Wednesday, April 19, 2006

Ticks, Spiders, and Annoying People, Oh My!


This past Thursday, my Behavior Patterns of Animals class hopped crammed into a couple of vans and drove the 7 hours each direction to Chincoteague, Virginia, home of the famed wild ponies, for a three day field trip. I was very excited about the ponies because when I was a kid, I read and fell in love with the Misty of Chincoteague books. As a west coast kid, it always seemed to me that I'd never actually get to Chincoteague, much less would I ever get to see the ponies. I also have long been a total horse freak, so that was a real treat.
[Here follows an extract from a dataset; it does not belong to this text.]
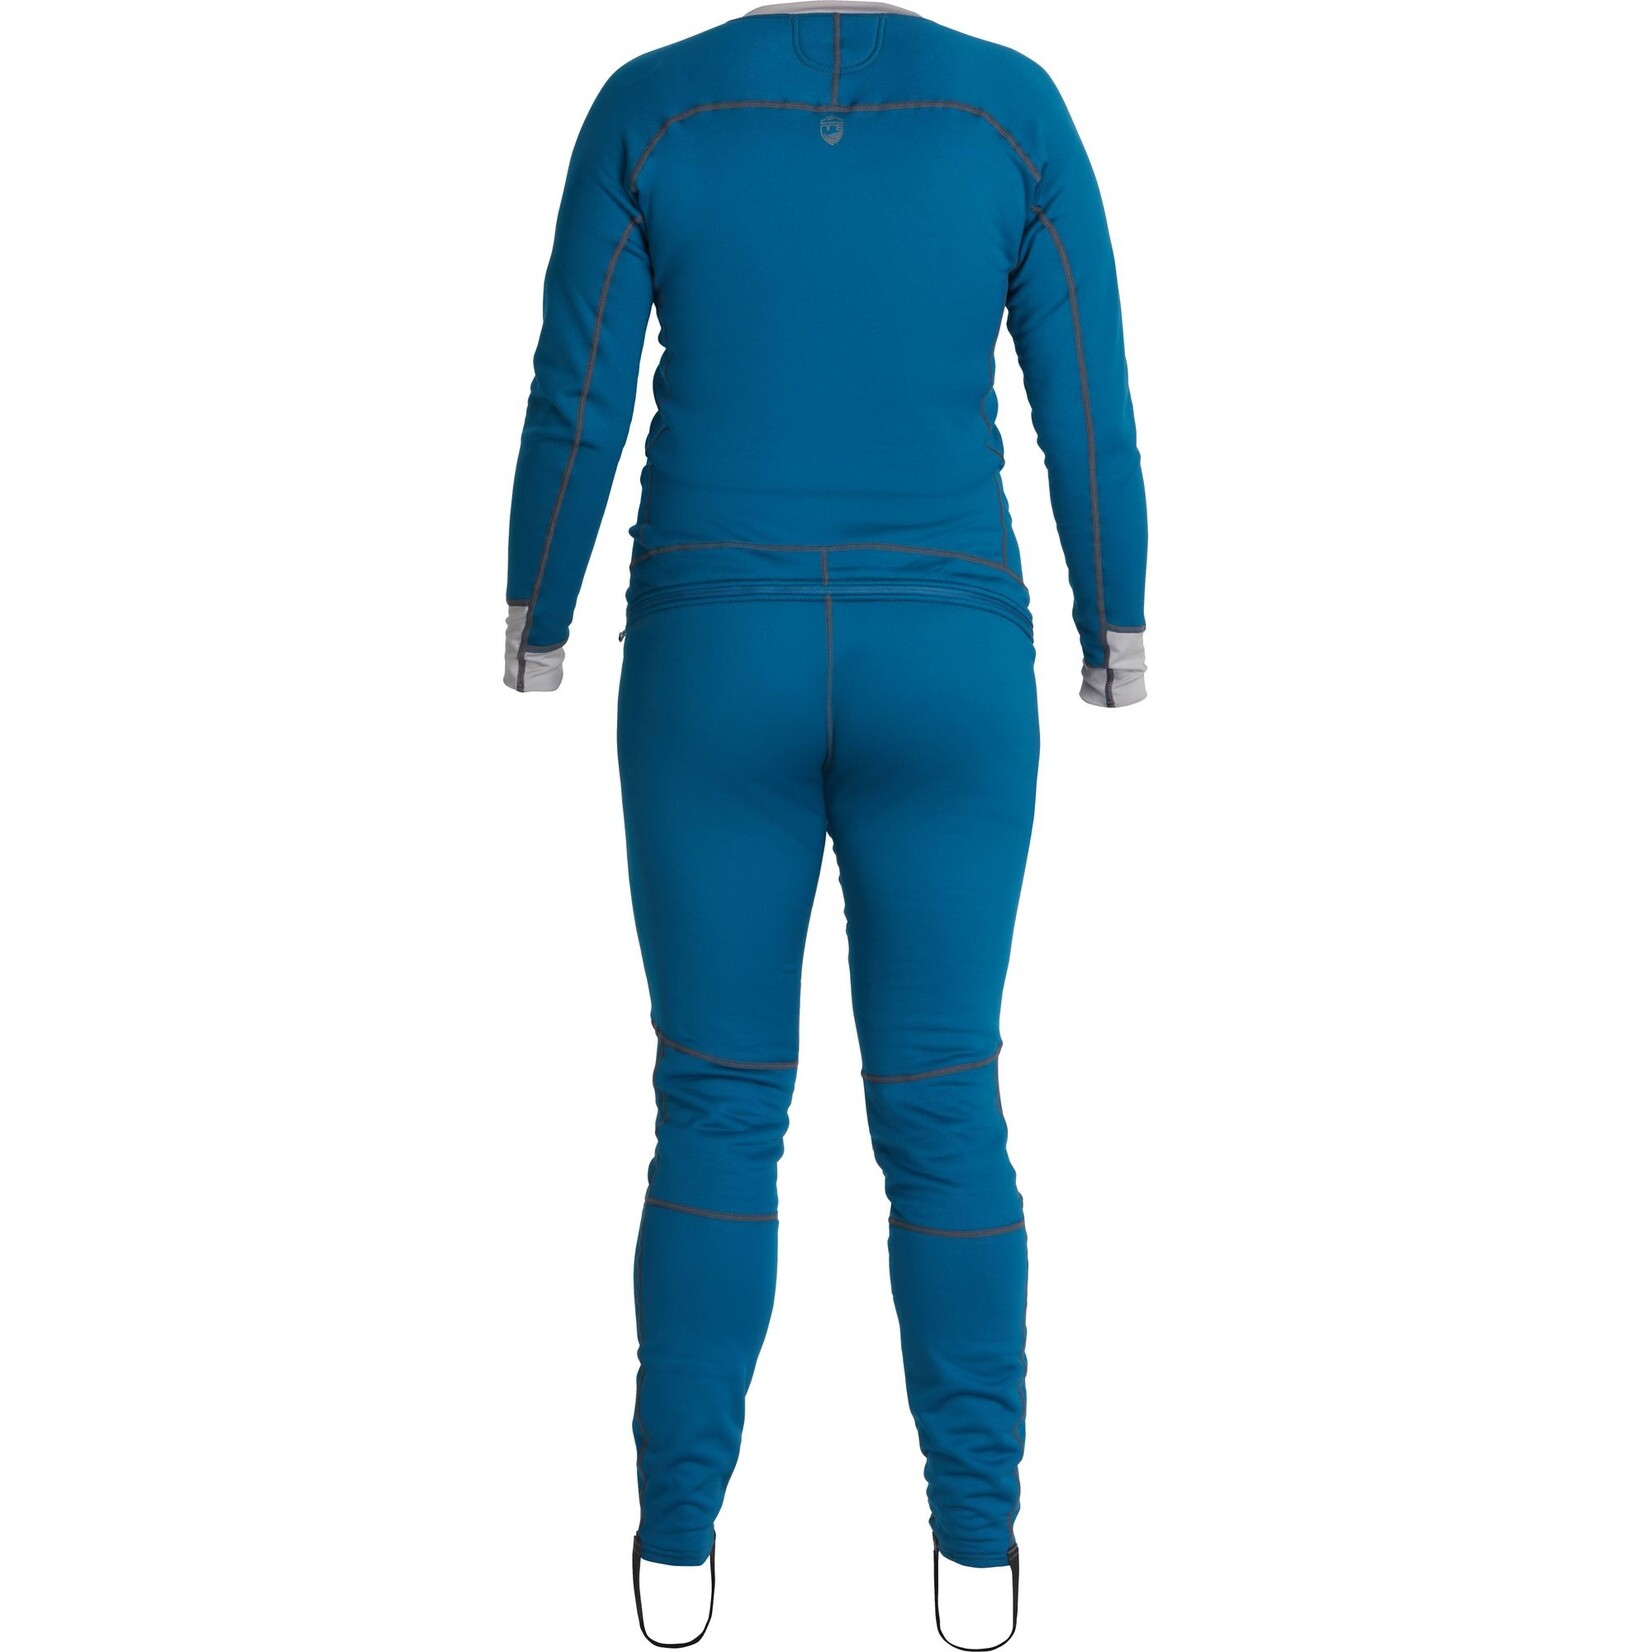 NRS - Women's Expedition Weight Union Suit

So much about this trip was kind of annoying, but in the spirit of trying to be a more positive person, I will attempt to not dive right into the bitching, especially as I had several days to rant with a few other aggravated people on the trip. Instead, I will tell you that we went to the Assateague Island National Wildlife Refuge and it is stunningly beautiful. In fact, we happened to go at a time they were calling for thunderstorms each day, which meant we had some amazing and breathtaking clouds, skies, and sunsets.

We got to go into some restricted areas with the rangers, which meant we got to get super close to the ponies, as well as visiting some very untouched areas of the refuge, such as a beach completely without any human footprints. That was so nice. In addition, we all had collection permits, so we were allowed to keep all the cool shells and such that we found along the way.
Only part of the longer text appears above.